Dataset excerpt:
Start of Block

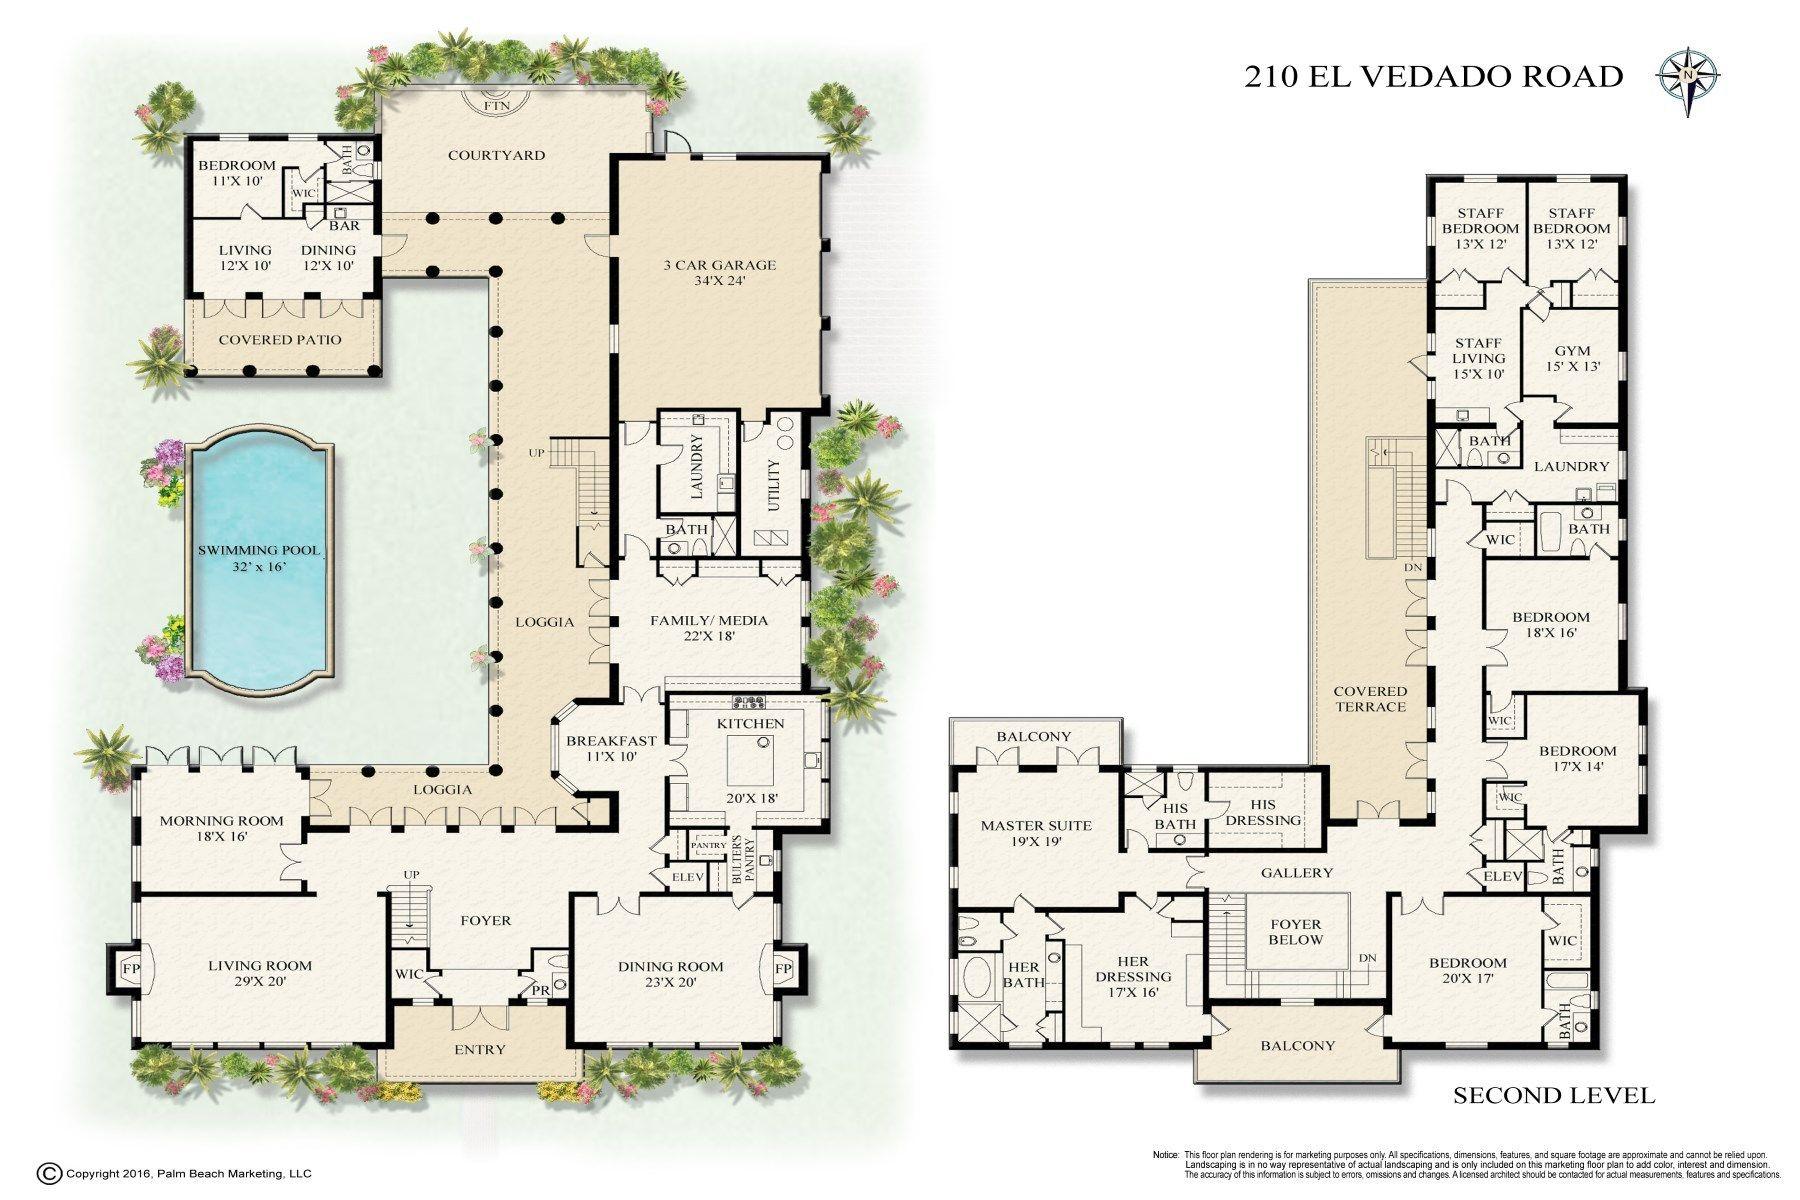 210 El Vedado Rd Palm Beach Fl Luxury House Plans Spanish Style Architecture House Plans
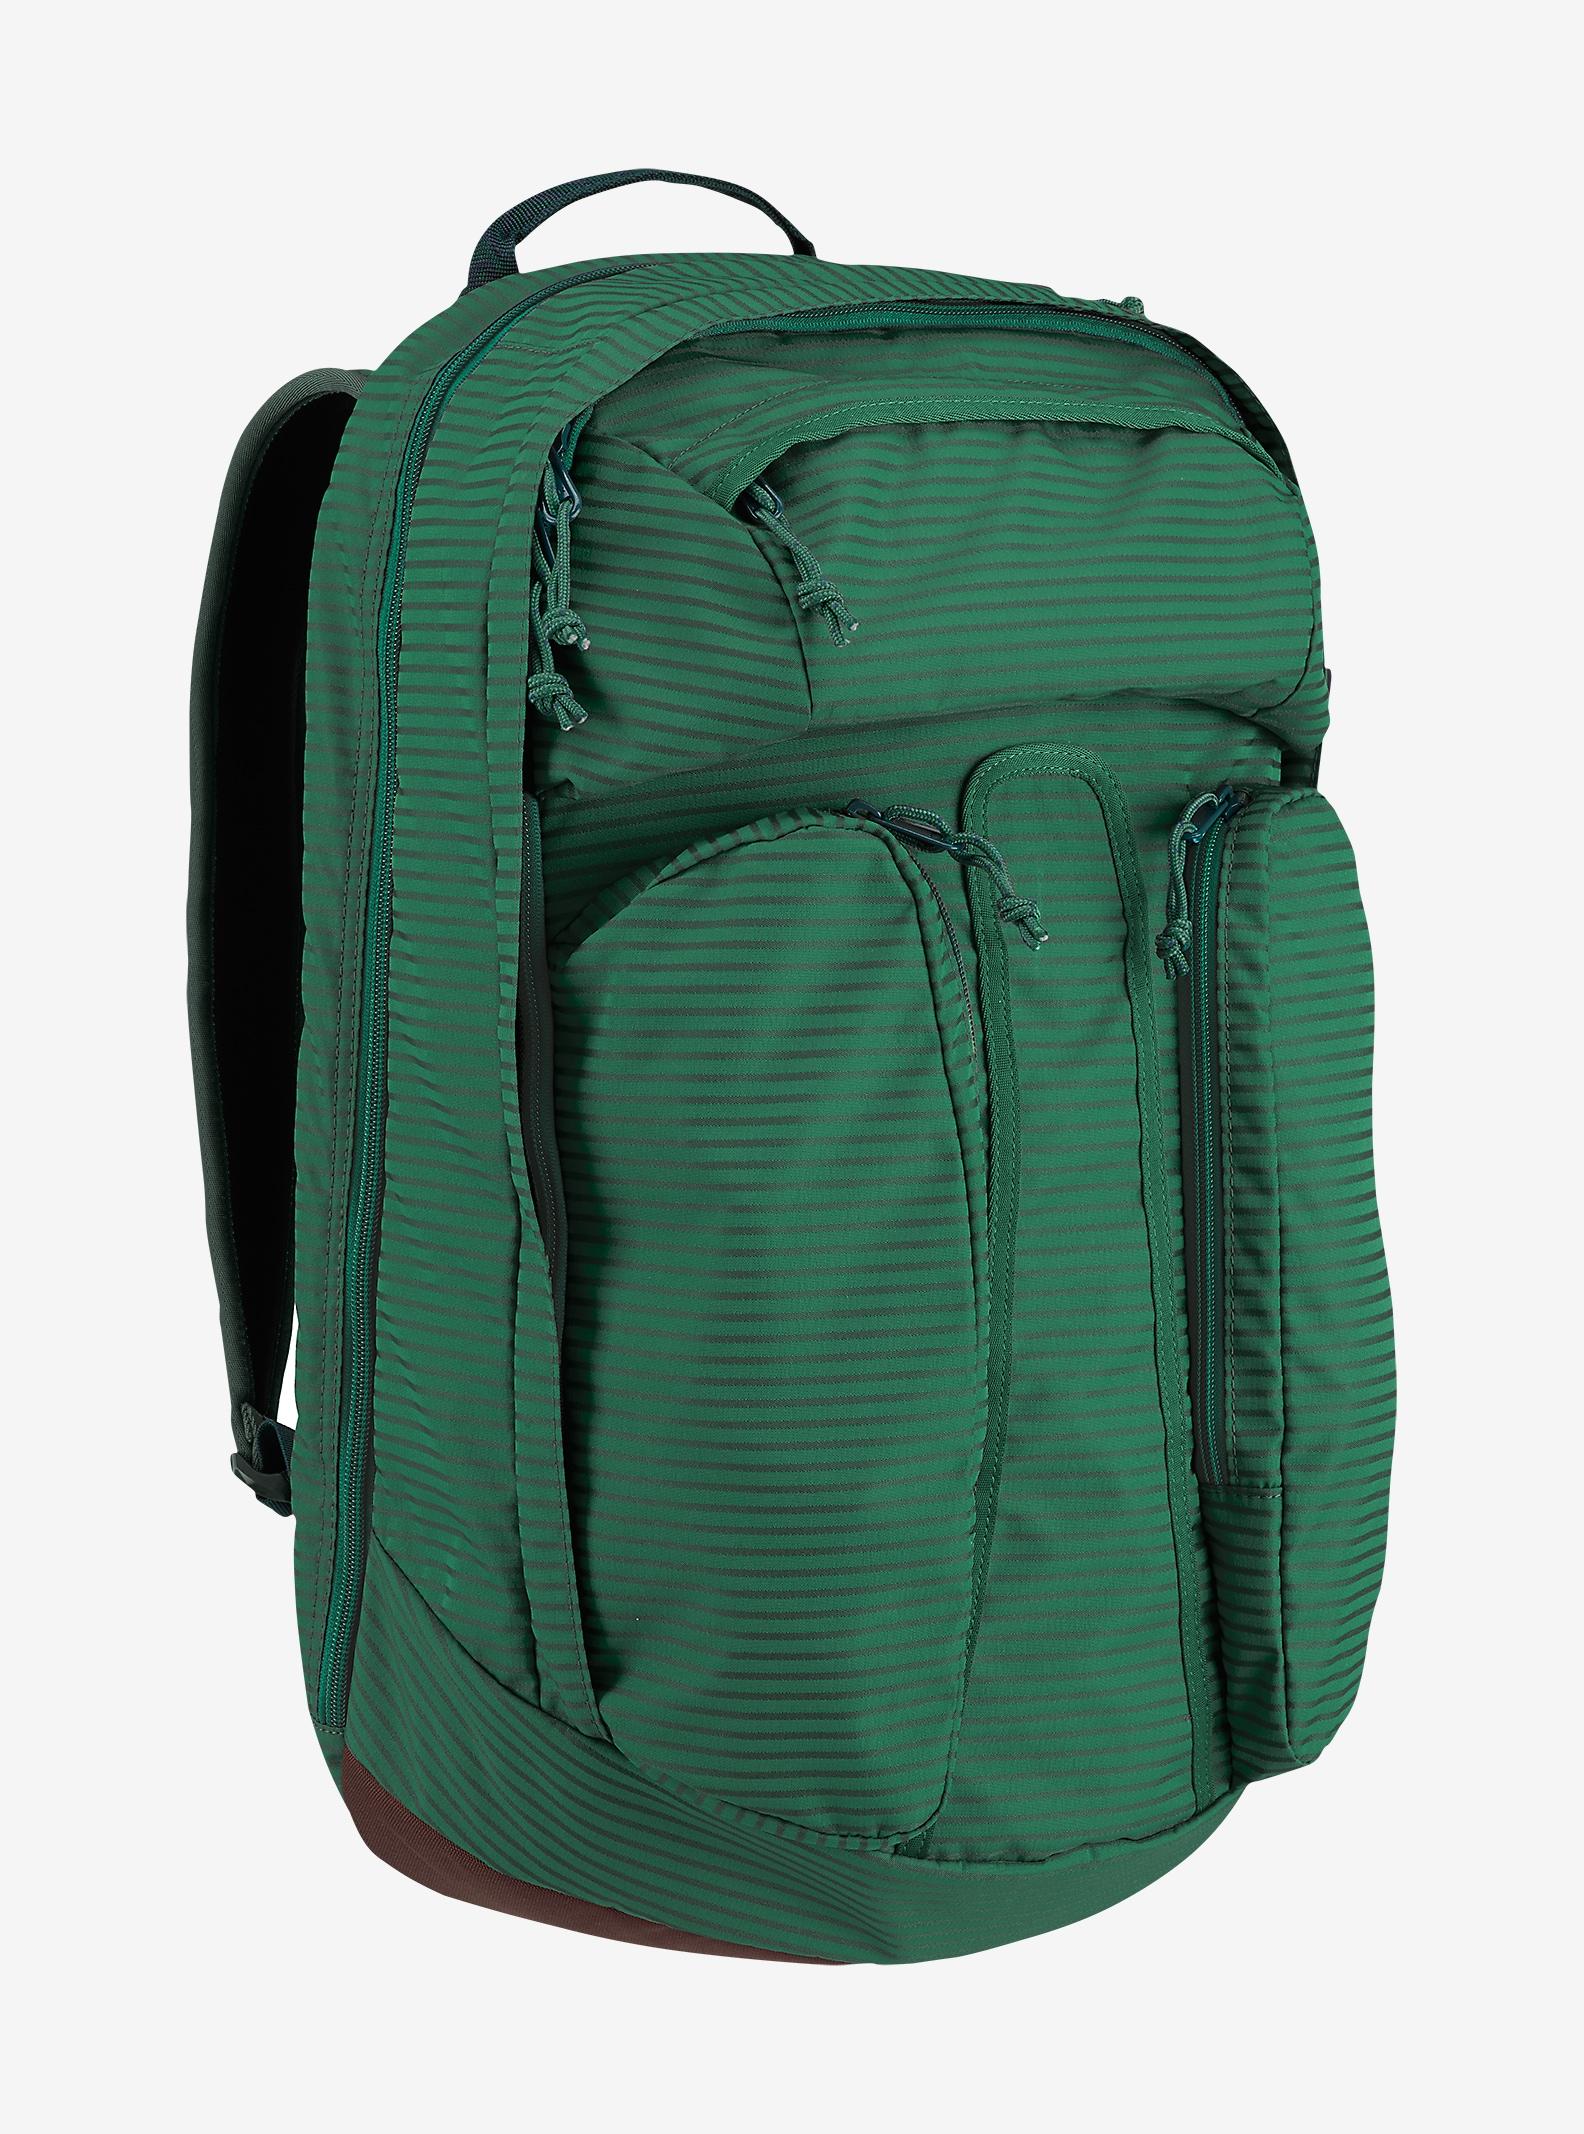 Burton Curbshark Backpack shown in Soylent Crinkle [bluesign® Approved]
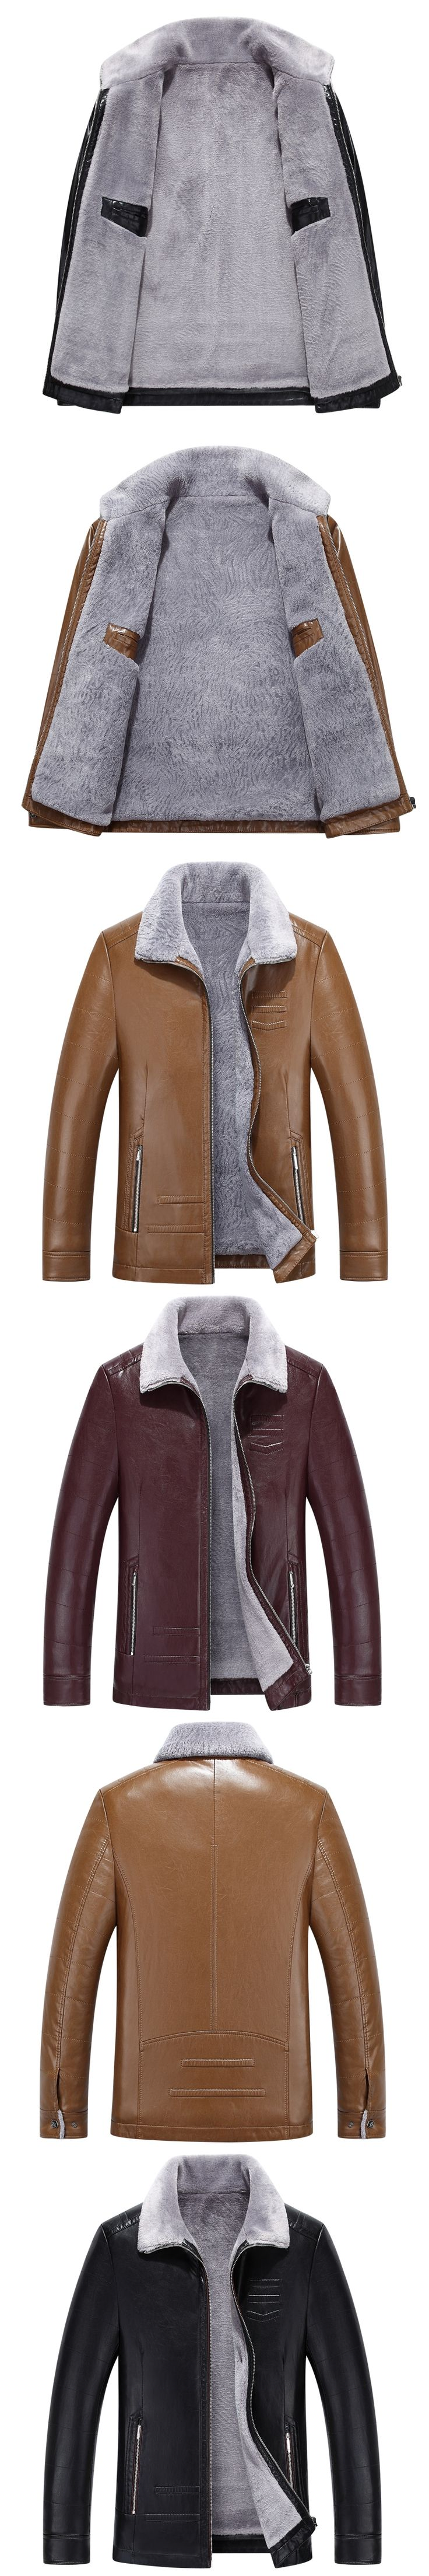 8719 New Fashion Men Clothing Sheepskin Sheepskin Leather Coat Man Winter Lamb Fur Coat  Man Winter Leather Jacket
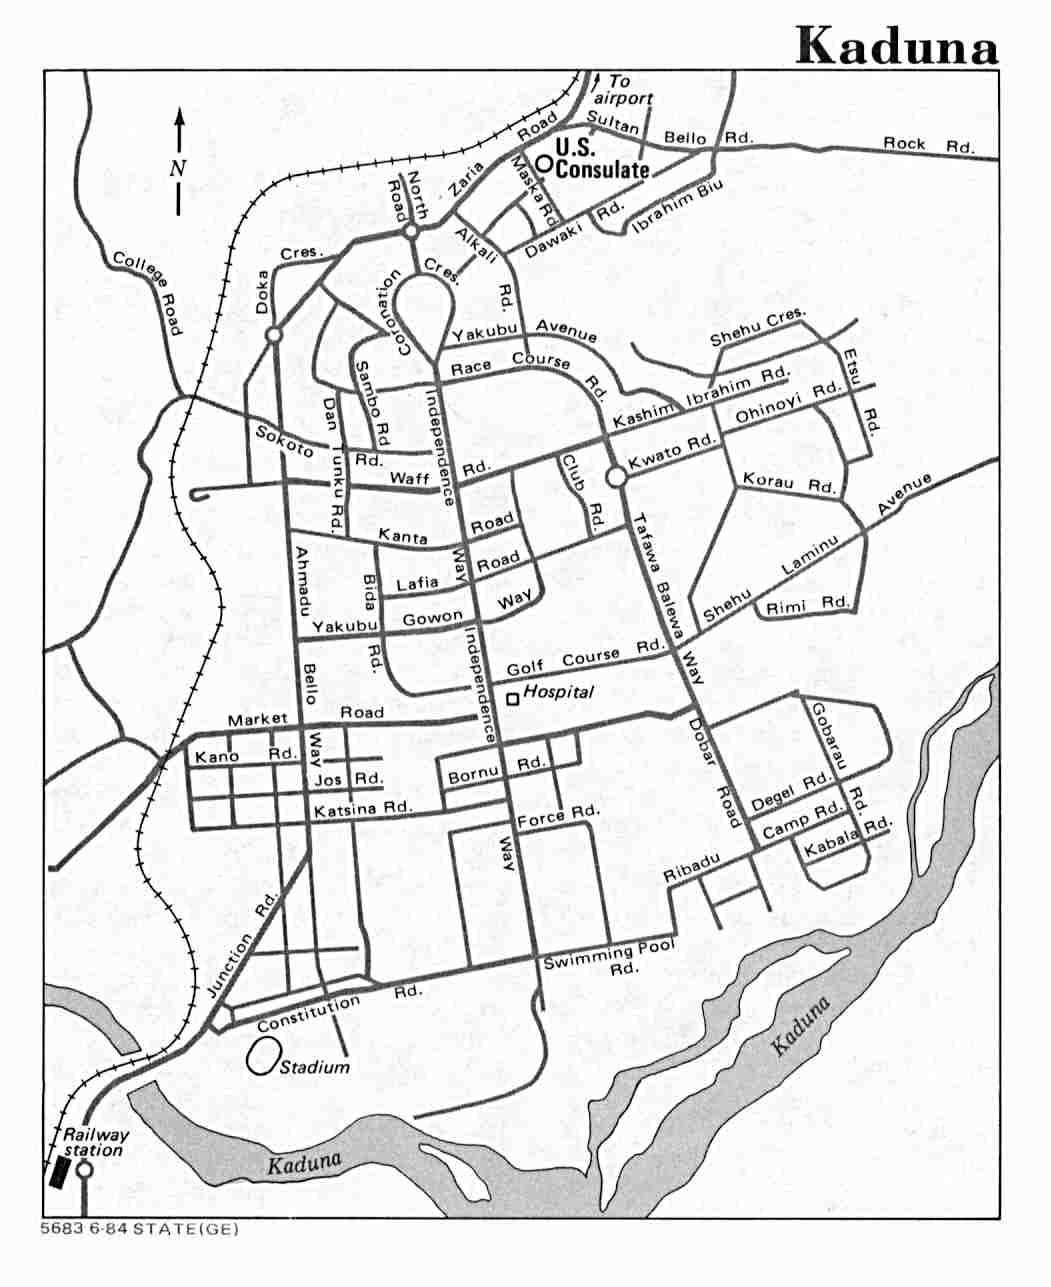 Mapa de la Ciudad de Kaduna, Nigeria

End of Block

Exercise:
Print the listing verbatim, images excluded.

Exercise answer:
 210 El Vedado Rd Palm Beach Fl Luxury House Plans Spanish Style Architecture House Plans
 Burton Curbshark Backpack shown in Soylent Crinkle [bluesign® Approved]
 8719 New Fashion Men Clothing Sheepskin Sheepskin Leather Coat Man Winter Lamb Fur Coat  Man Winter Leather Jacket
 Mapa de la Ciudad de Kaduna, Nigeria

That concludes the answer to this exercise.